Methimazole's adverse effect profile is well characterized after more than 75 years of clinical use.

Agranulocytosis remains the most feared complication, occurring in approximately 0.2% to 0.5% of patients. A 2012 analysis published in the Annals of Internal Medicine confirmed that agranulocytosis risk is dose-dependent and concentrated in the first 90 days of therapy [12]. Patients starting at doses above 30 mg/day face higher risk. The standard clinical instruction is to check a complete blood count if the patient develops fever, sore throat, or oral ulcers, and to hold the drug immediately if the absolute neutrophil count falls below 500/μL.

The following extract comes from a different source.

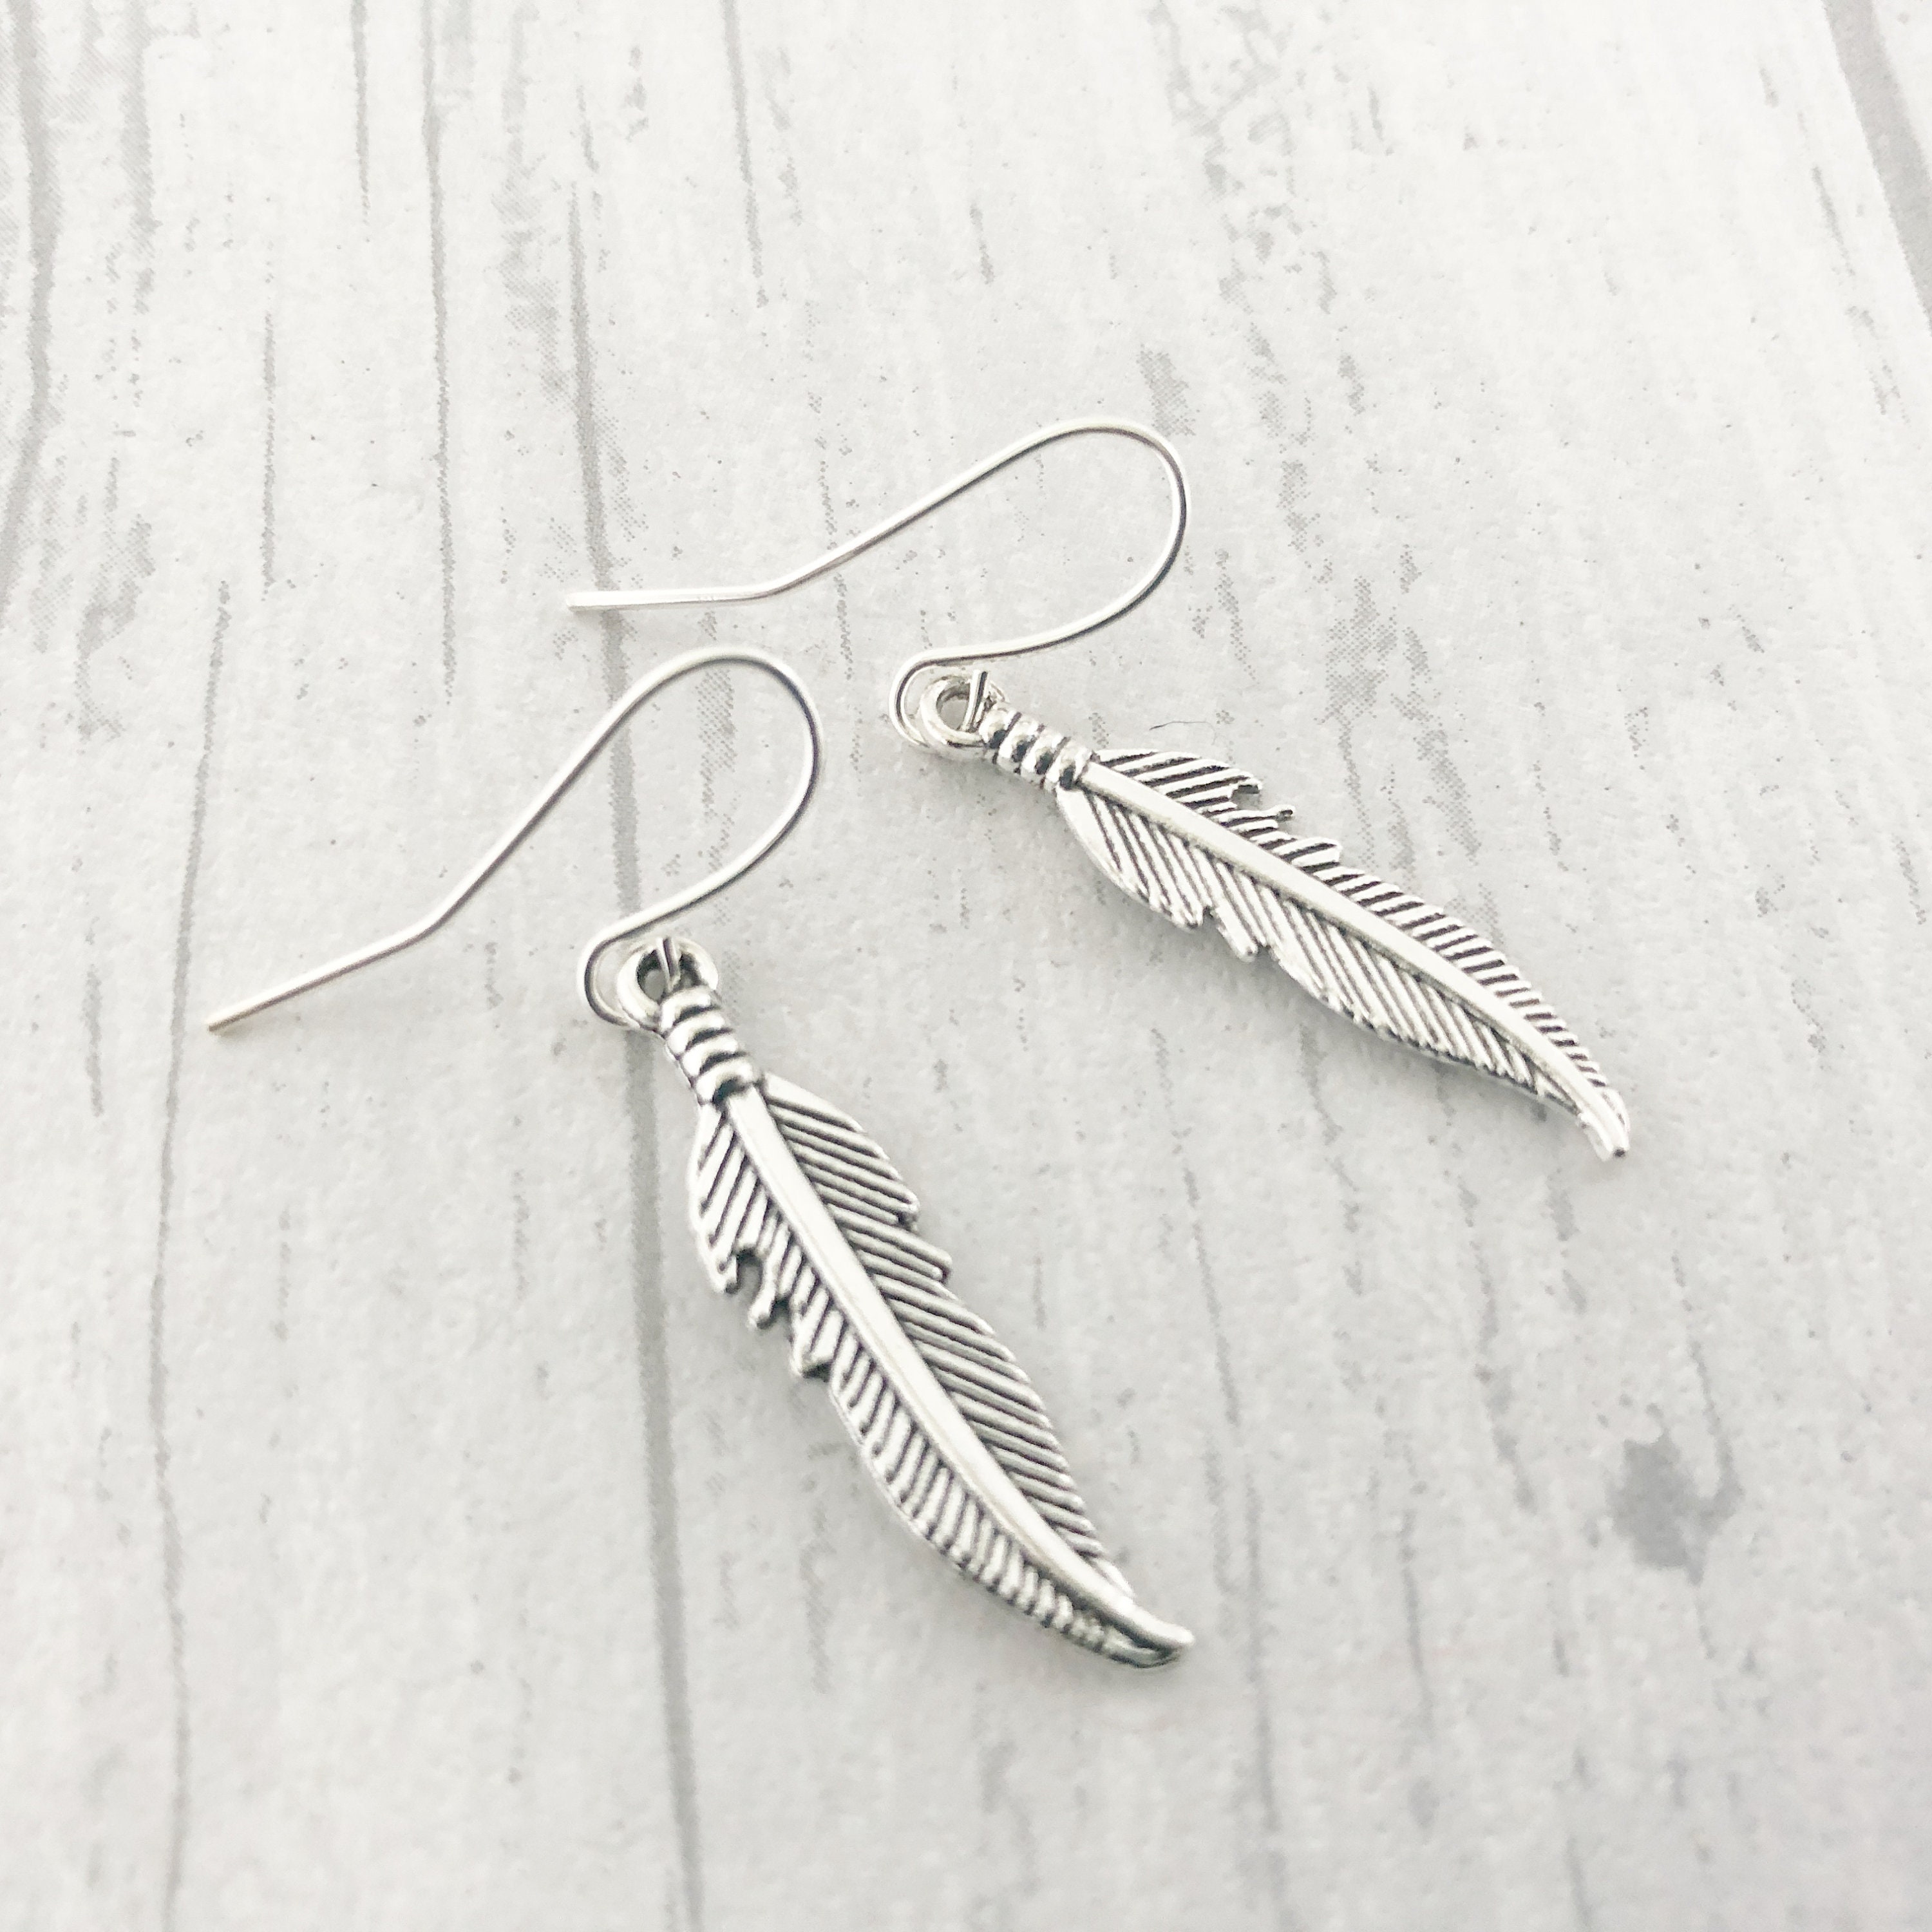 Les Initiés small feathers earrings - 925 Sterling Silver - 30,00 €

Hepatotoxicity with methimazole is cholestatic in pattern, typically presenting as elevated alkaline phosphatase and bilirubin. This contrasts sharply with PTU-associated hepatitis, which is hepatocellular and can progress to fulminant liver failure. Methimazole-related cholestasis is almost always reversible upon drug discontinuation [10].

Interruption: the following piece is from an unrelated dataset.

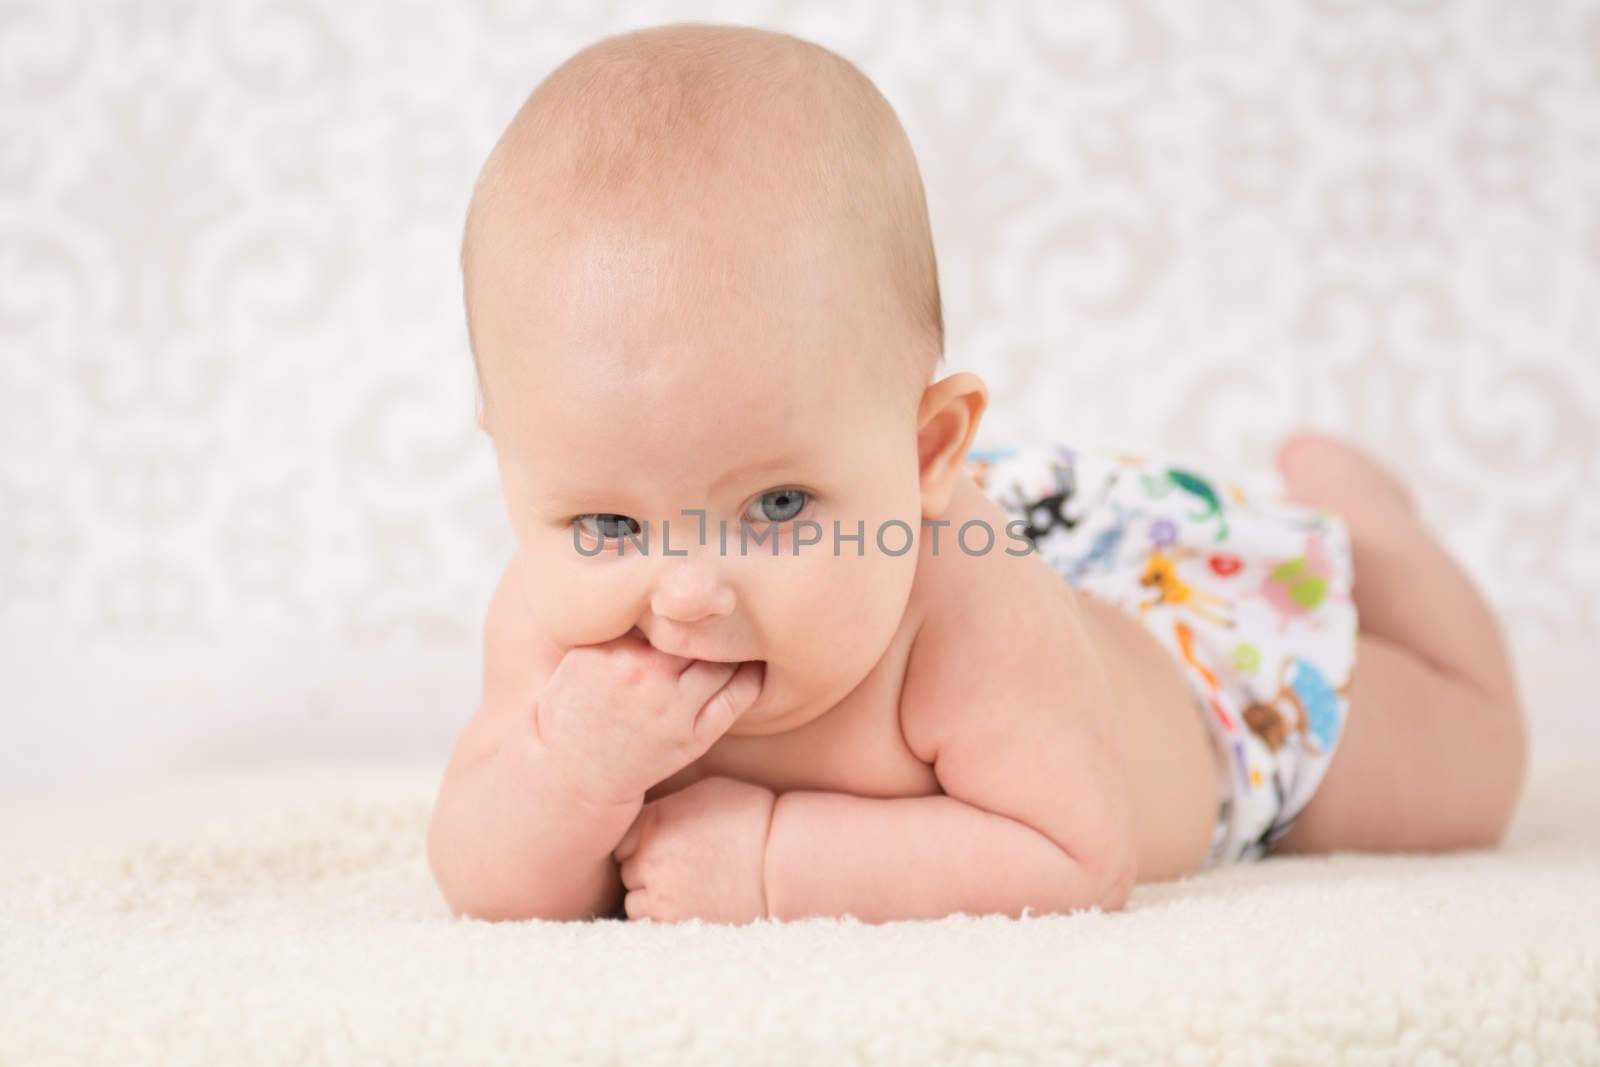 Baby in a reusable nappy, lying on a belly on a light background, bitting her fist

Methimazole embryopathy is a well-documented teratogenic syndrome that includes aplasia cutis congenita, choanal atresia, esophageal atresia, and facial dysmorphism. The risk window corresponds to first-trimester exposure, particularly weeks 6 through 10 of gestation. For this reason, the ATA recommends switching pregnant patients to PTU during the first trimester, with the option to transition back to methimazole after week 16 [7].

Minor adverse effects include skin rash (reported in 4% to 6% of patients), arthralgia, gastrointestinal upset, and altered taste sensation. Most of these resolve with dose reduction or resolve spontaneously with continued therapy.

Methimazole vs. PTU: How the Preference Shifted

The American preference for PTU persisted well into the 2000s. Three factors drove the shift toward methimazole.

First, pharmacokinetic data made the case for once-daily dosing. Methimazole has an elimination half-life of 4 to 6 hours in plasma, but its intrathyroidal duration of action extends to approximately 24 hours because TPO inhibition persists after plasma levels decline [4]. PTU, by contrast, requires dosing every 6 to 8 hours to maintain effective intrathyroidal concentrations. Adherence data consistently show that once-daily regimens produce better compliance than thrice-daily regimens, a factor with direct clinical consequences in a disease where subtherapeutic dosing can precipitate thyroid storm.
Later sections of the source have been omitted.